On the mathematical side, symplectic geometry appears to be the most natural setup within which real 1-dimensional objects (loops/paths) interact with complex 1-dimensional objects (Riemann surfaces). Gromov's theory of pseudo-holomorphic curves (1985) and its reinterpretation by Floer as a variational theory for the unregularized gradient flow of the symplectic action functional (1987) proved to be a successful tool in order to address the Arnold and Weinstein conjectures (1986, 1979) on the existence of closed orbits/chords for Hamiltonian systems. The geometric structure of compactified moduli space of pseudo-holomorphic curves gives rise to sophisticated algebraic structures, and in particular to various homology theories such as Floer homology, (embedded) contact homology, Seiberg-Witten-Floer homology, ... In all of these theories, one introduces higher products that account for all the non-canonical choices that one needs to make in order to lift an associative product from homology to the chain level. These operations get organized into a differential which is a coderivation on a larger object known to algebraic topologists as the “Bar construction”.

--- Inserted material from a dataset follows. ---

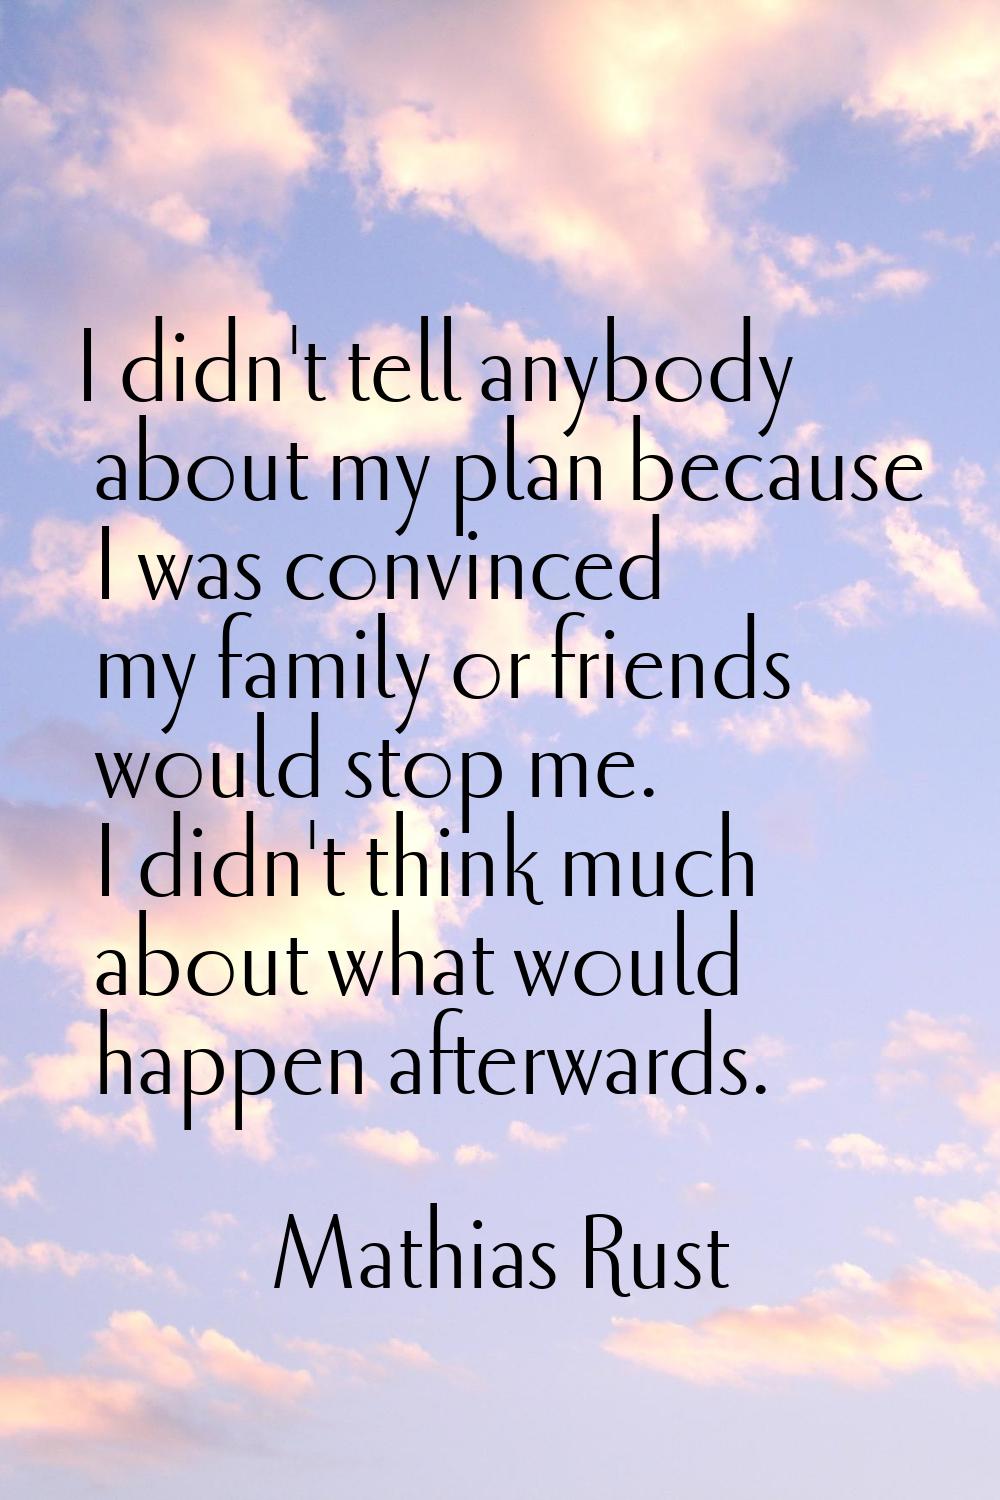 I didn't tell anybody about my plan because I was convinced my family or friends would stop me. I d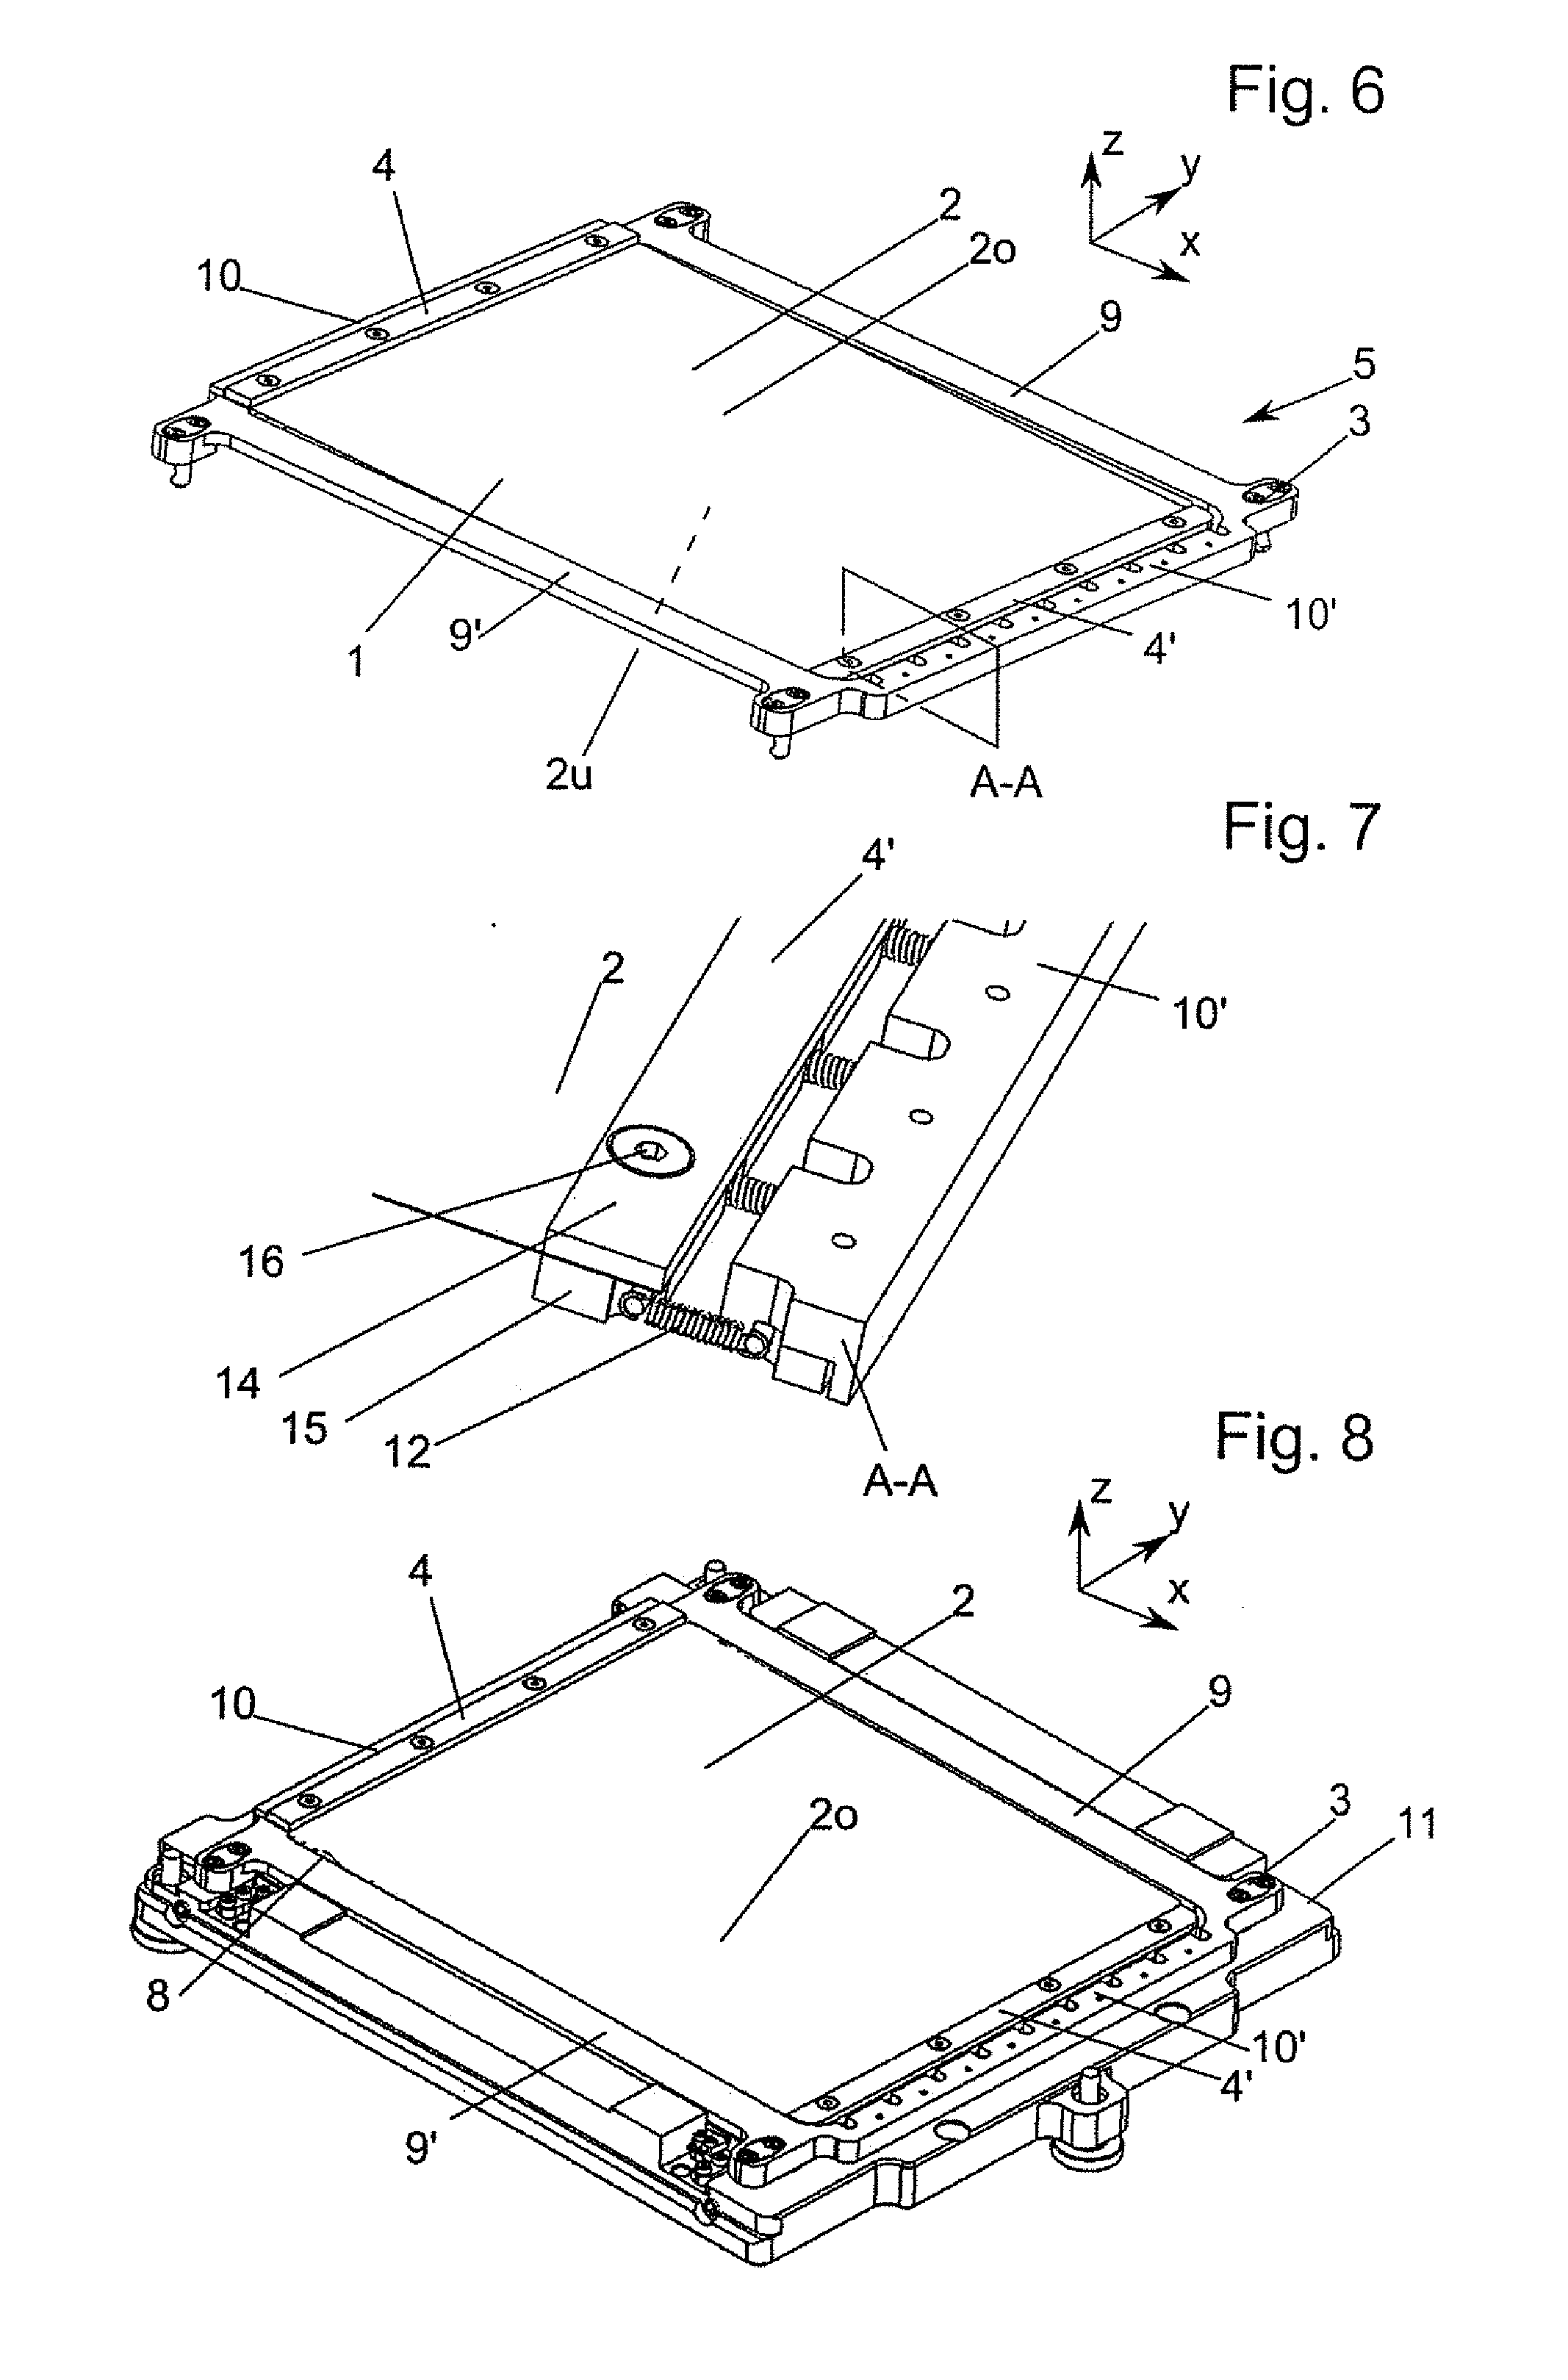 Structure stamp, device and method of embossing

Almost simultaneously and inspired by the algebraic structures encountered in quantum field theory, algebraic topologists have been trying to understand the chain complexes of free loop and path spaces of a manifold. Chas and Sullivan's natural idea of cutting and pasting loops/paths together with considering Poincaré duality for the underlying manifold has led to a plethora of operations and opened a new field known as “string topology”. In parallel to this topological approach, a lot of effort was put into understanding the algebraic structure of “algebraic loop spaces”, modeled as Hochschild complexes of DGAs or categories equipped with further structures that account for Poincaré duality in the topological setting.
The various procedures for assigning a linear object (complex, homology, category...) to a nonlinear object gave rise to rich homotopical structures. There are many striking (algebraic) similarities between the constructions and difficulties encountered in each of the previous three settings. The common desire to reorganize non-canonical choices into higher homotopies and categories has also led to more elegant formulations of geometric and topological statements in terms of derived categories and functors.
We think that the time is ripe to bring together experts and young mathematicians working in these areas. We expect fruitful interactions and hope to harvest inspiration and new ideas. To this end, we intend to have 5 mini-courses accessible to non-experts, followed by a few talks dealing with more recent developments.